My parents don’t believe I’ll ever “make it back”. I guess I’ve just proved them right. The life I used to know is just gone. I don’t remember it. I don’t remember how it feels. I’m crying now. I guess because I know what it feels like to admit to it.
Driving home the other night I thought about how alone in this world I am. I put the one person I feel a connection with on a plane, and realized that was the one person. Funny thing is I can’t say that I’m lonely necessarily. I’m just here. I’m just living. I do what I have to do, day by day. Live how life is there to be lived. I find enough to wake up to the next morning.
It’s weird – Not remembering. Not being able to touch the past. I can’t long for it. I can’t look back and reminisce. It’s just gone. If anyone out there is listening, don’t be hurt. It’s like my dad. I miss him so dearly, although I never knew him.
Looking back, I can’t help but wonder what choices I could have made that would have so drastically altered my life. what if my dad had never died? What if I had never made the mistakes I did with my “first love”? What if I had never met or married Brad? What if I had never given up?

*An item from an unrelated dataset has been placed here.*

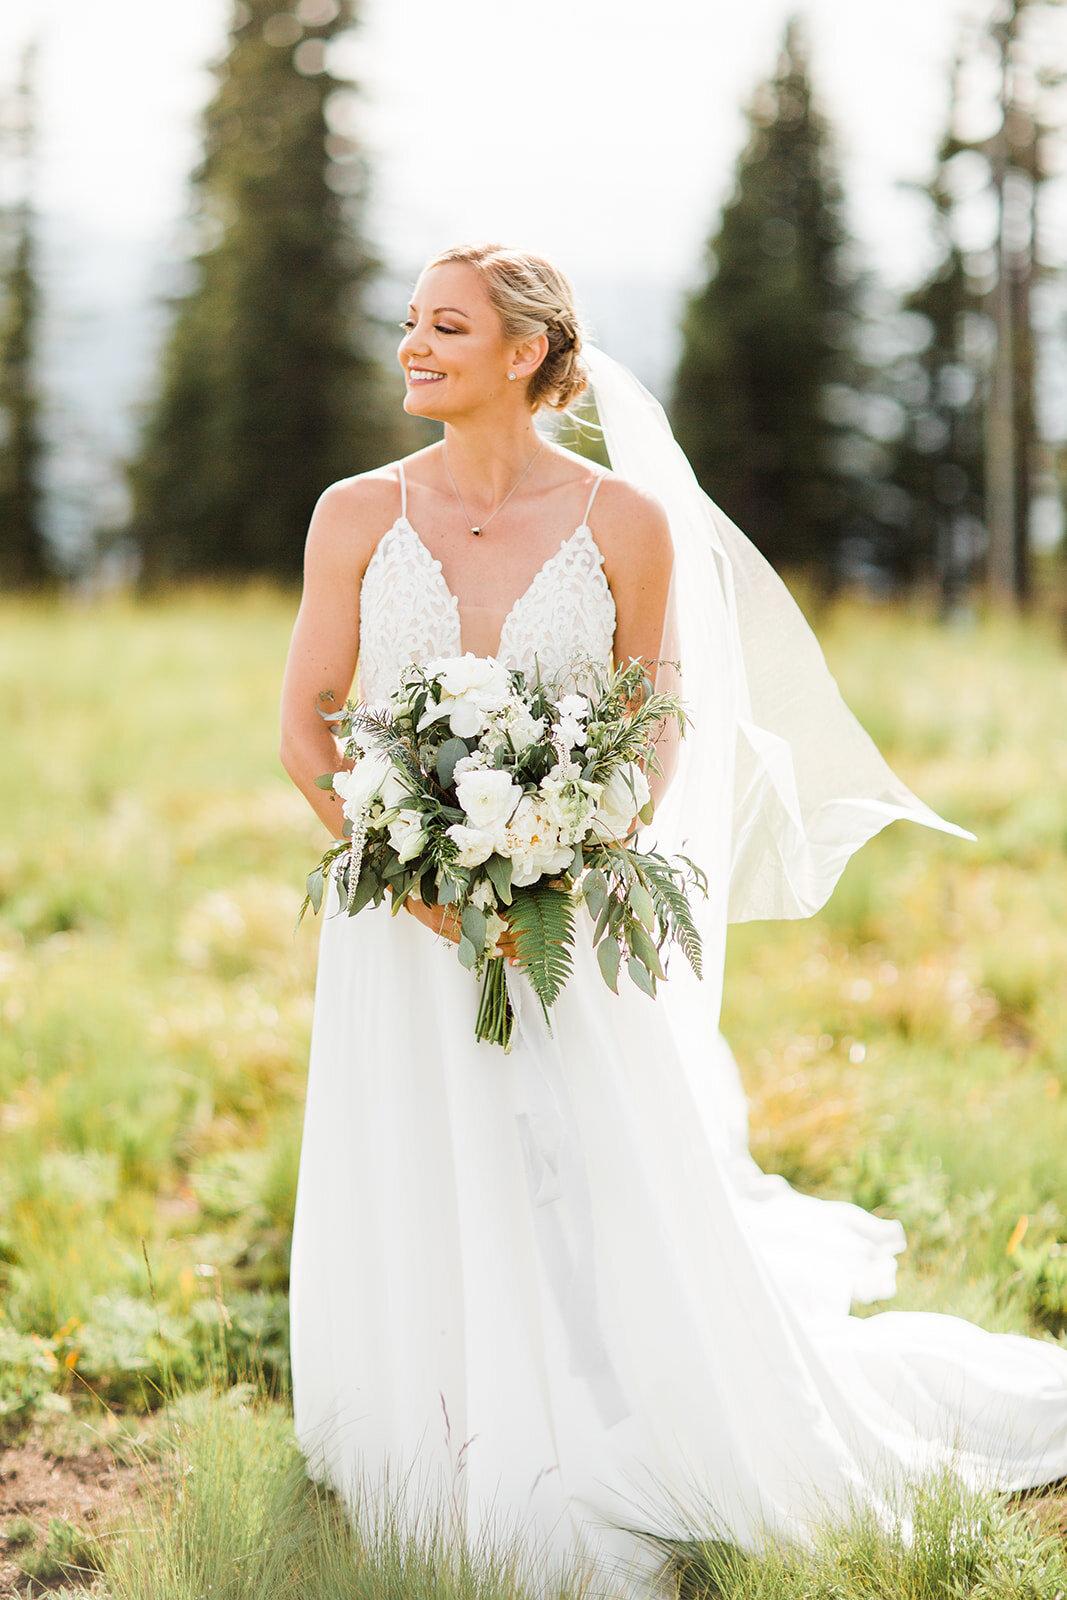 spokane bride portraits wedding

Maybe I don’t stop to cry because I refuse to believe the story I have to tell. How could I have ever had this happen, all the things in my life? What did I do to ever deserve this?
I was captured in a moment today when I heard “Still the One” on the radio. That was supposed to be Brad’s and my song, in a silly backwards way. What do I even say to that? What do I say to the past four years of my life? What do I say to sitting around and taking it, until my spirit and heart was crushed? Why did I ever believe I should be so strong? Why didn’t I give up in the right place?
I don’t wish for anything – I don’t have a vision in my head of the way I wish things were. I’m here, and I’m fine. I’m alive and that’s enough. I just have a story to tell that I wouldn’t even believe myself.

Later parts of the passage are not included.